L'intervention elle-même dure généralement 1 à 2 heures selon la superficie. En revanche, l'éradication complète prend 2 à 4 semaines, le temps que le gel agisse sur toute la colonie via l'effet cascade. Il est normal de voir encore quelques cafards dans les premiers jours suivant le traitement.
Faut-il quitter son logement pendant le traitement au gel ?
Non. Le traitement au gel insecticide ne nécessite pas d'évacuation. Vous pouvez rester chez vous pendant et après l'intervention. Le gel est appliqué en micro-points dans les recoins inaccessibles aux enfants et aux animaux domestiques.
Les cafards peuvent-ils revenir après le traitement ?
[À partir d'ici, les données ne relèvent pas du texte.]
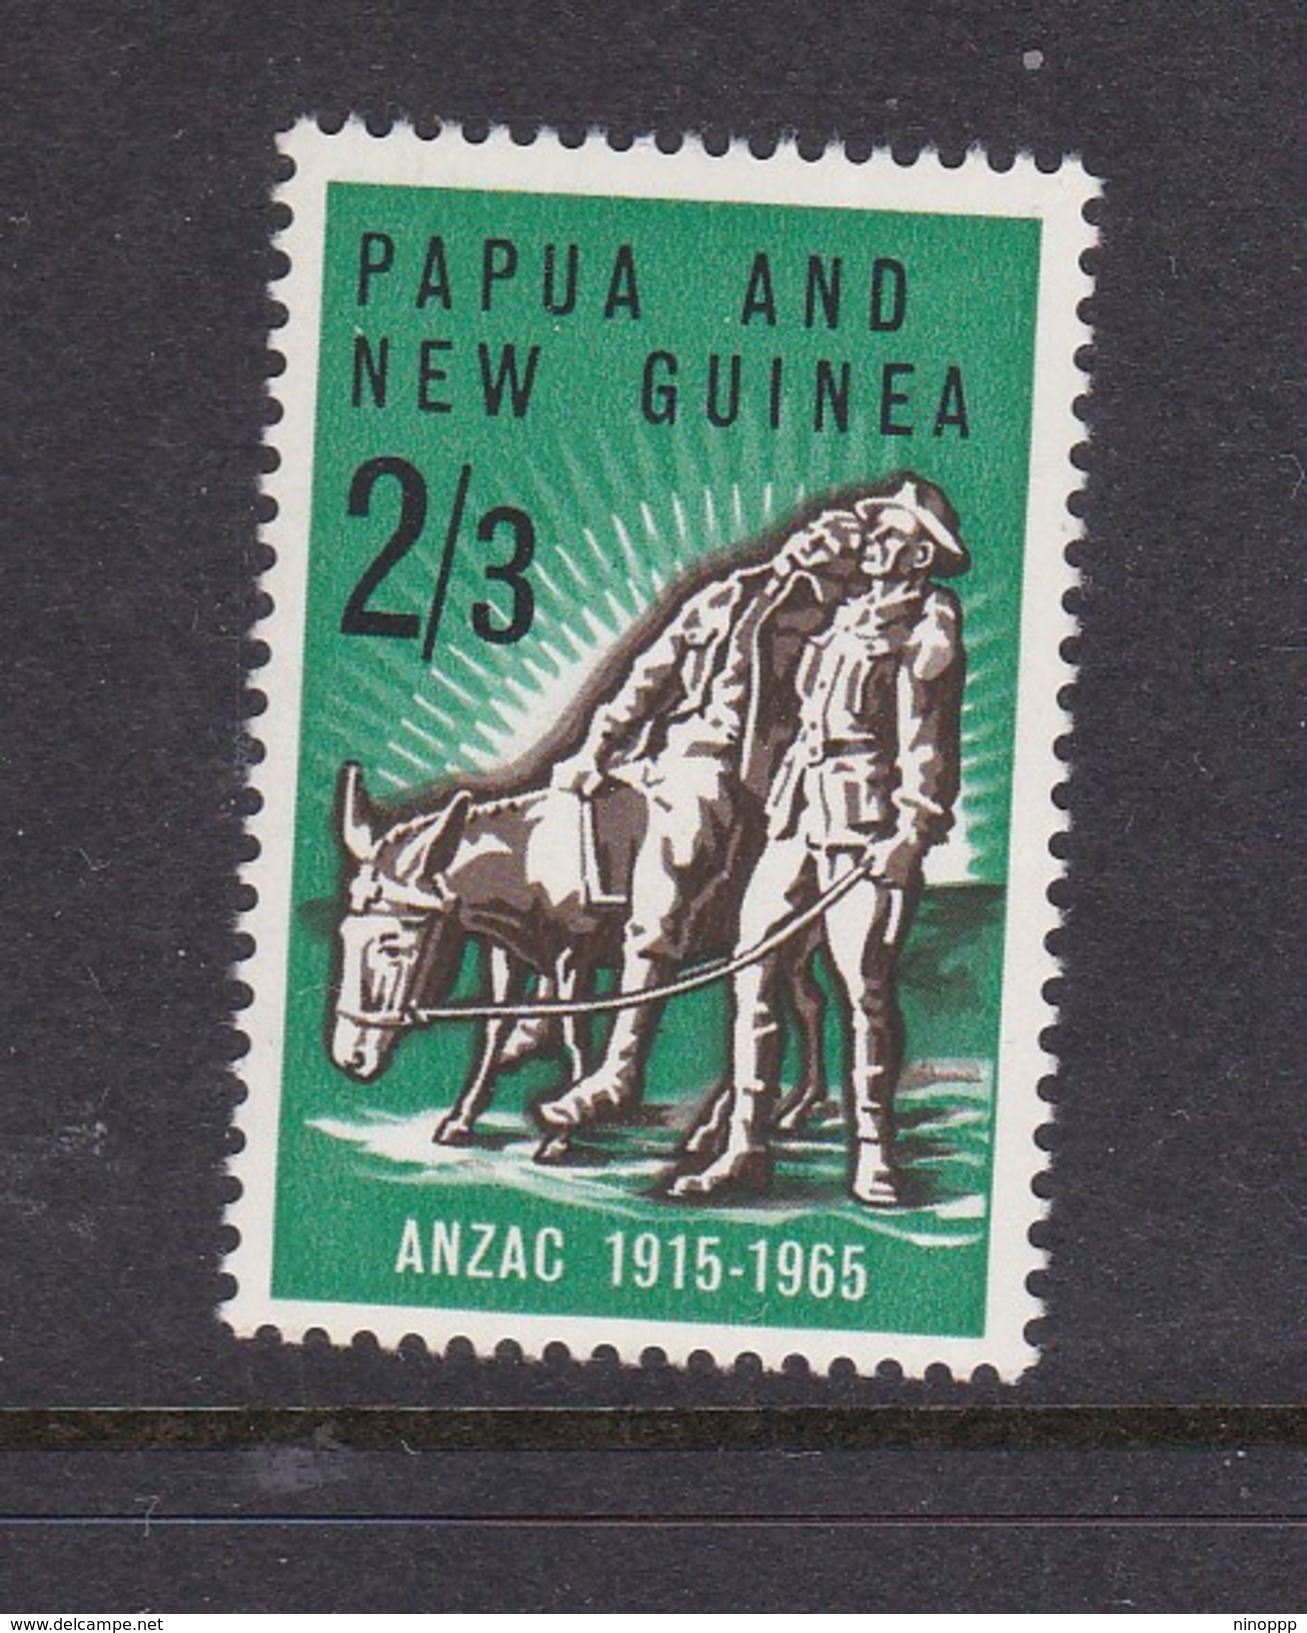 Papua New Guinea SG 76 1965 50th Anniversary Of Gallipoli Landing Mint Never Hinged - Papua New Guinea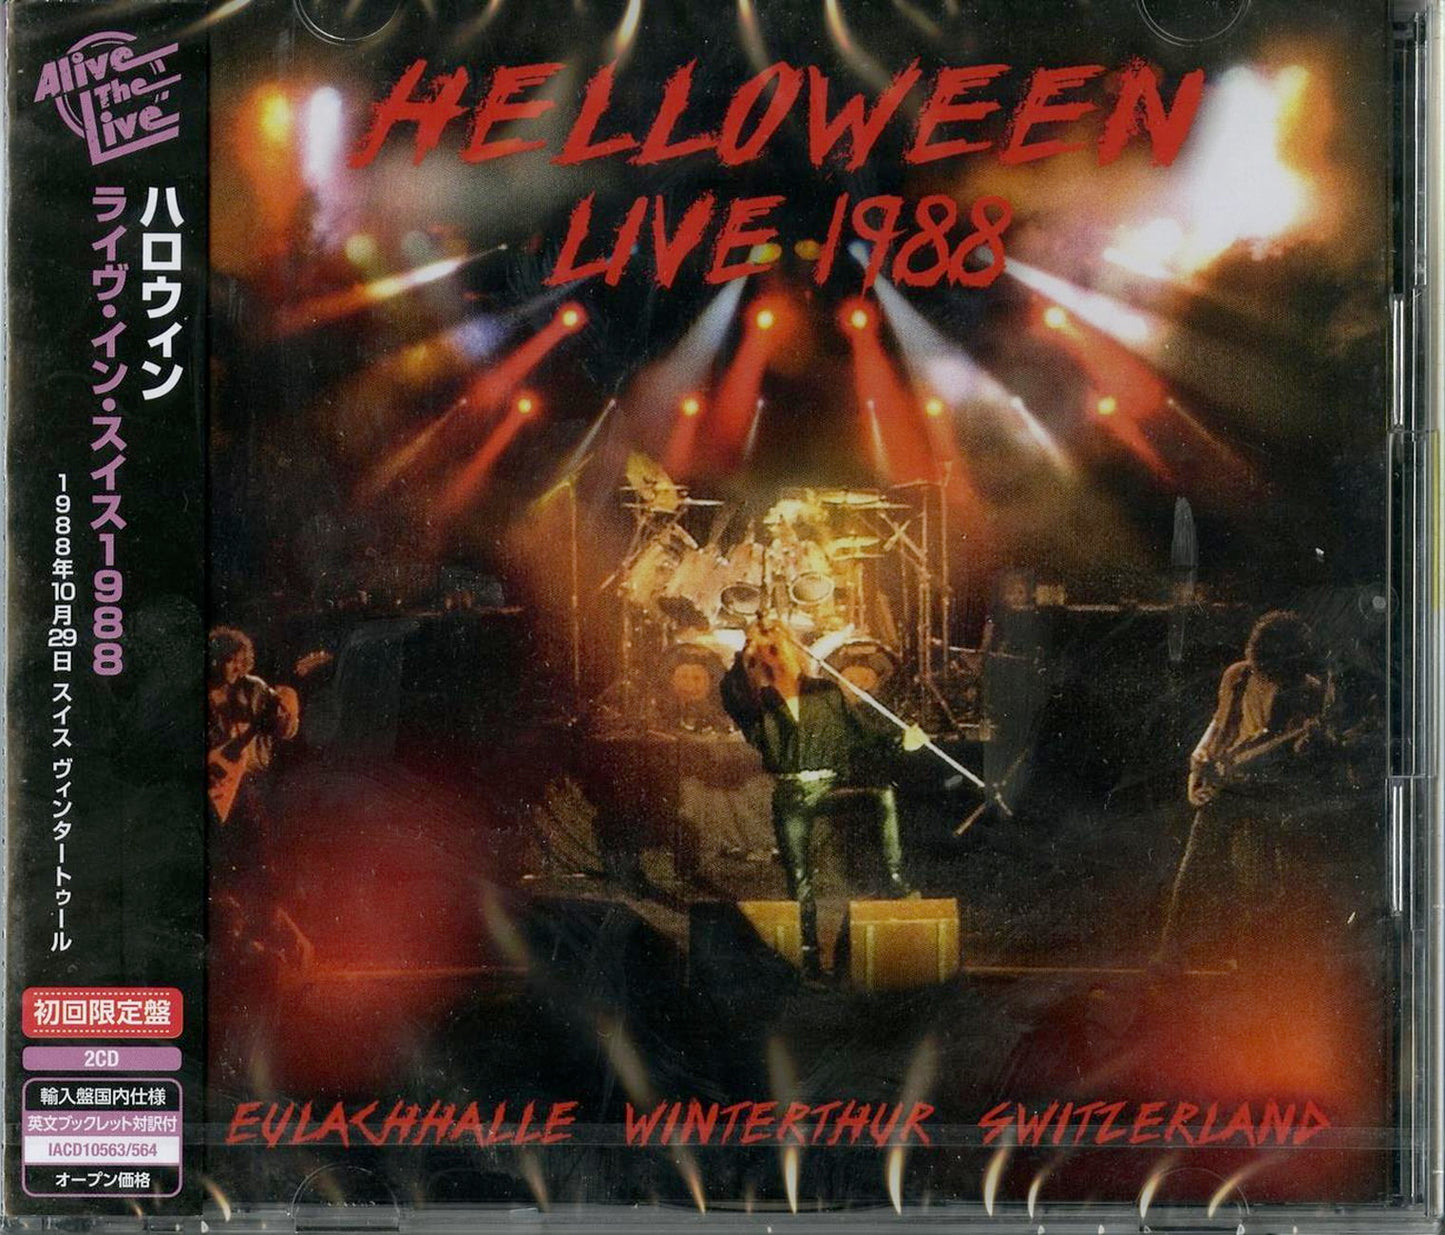 Helloween - Live 1988 - Import 2 CD

Oui, si les voies d'entrée ne sont pas colmatées ou si des voisins restent infestés. C'est pourquoi SOS Dératiseur conseille toujours des mesures préventives après l'intervention. Pour les établissements professionnels, un contrat de suivi trimestriel est la solution la plus sûre.
Mon propriétaire doit-il payer le traitement ?
Cela dépend de l'origine de l'infestation. Si elle est liée à un défaut structurel du bâtiment (canalisations défectueuses, fissures dans les murs…), la responsabilité incombe au propriétaire. Si elle résulte d'un manque d'hygiène du locataire, ce dernier prend en charge les frais. En cas de doute, un rapport professionnel peut servir de preuve.